Does the brain increase in temperature when thinking more?

There are two jumps in your logic here; First, that heat=energy. While it's simplified for most intro physics courses, heat=/=energy. Second, that the brain using energy produces heat, like a muscle. A muscle gets hot when it works due to friction and breakdown as the muscle fibers "scratch" and tear past each other.

This damage can also cause inflammation in the area (blood rushes in) to help it heal faster. This is the same reason your skin feels hot when you have a sunburn. (The feeling is due to more blood in the inflamed areas. These areas are close to neurons that feel temperature, so the neurons think (perceive) you're hotter than normal when it's really just a part of your body abnormally hot, not your whole body.)

Blood provides neurons with "raw materials" for energy (sugar and oxygen). When a brain region is active, there is hypothesized to be an increase in blood flow to that region, helping those neurons to keep producing energy. This is the basis of BOLD analysis of fMRIs (Blood Oxygen Level Dependent analysis).

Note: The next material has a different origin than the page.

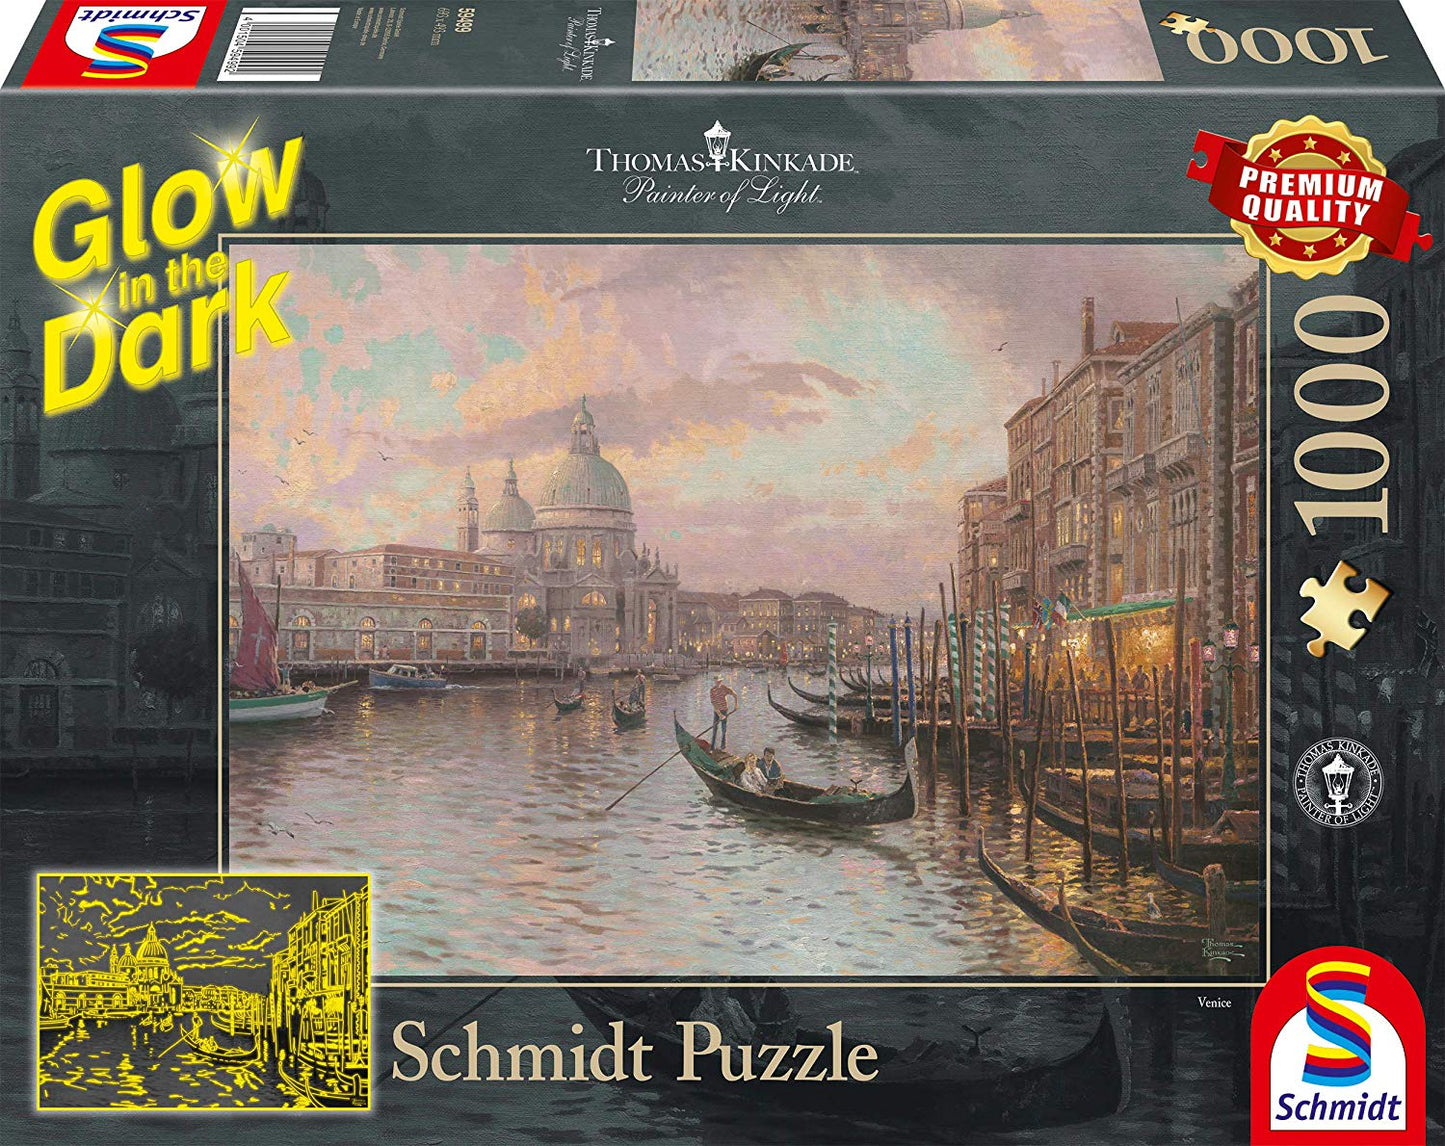 Schmidt - Thomas Kinkade - In the Streets of Venice - 1000 Piece Jigsaw Puzzle

The brain is always working hard, and is actually hotter than your core. 30% of your caloric expenditure is because of your brain. This is why cooking is so important; it pre-digests food, so our body spends less energy digesting, and instead gets more free calories from food. But that's a talk for a different time.

When neurons are active, they don't move, unlike muscle cells. Since there's no moving, there's really no change in heat. There are no heat sensing neurons in your brain so you wouldn't sense a perceived change in heat (unlike the sunburn scenario). There can be an increase in temperature in spots in the brain, but that's due to inflammation. Here's a pubmed article that goes into brain temperature regulation a little.

TLDR; Energy use =/= an increase in heat. Your neurons might use energy, but they don't produce heat. There isn't a need for a cooling system unless there's a systemic problem, like a fever.

BONUS: Who told you it cools itself through the ears?? There's not brain matter under your ear drums. It's your tympanic membrane, cochlea, and oodles of more little bones and pieces.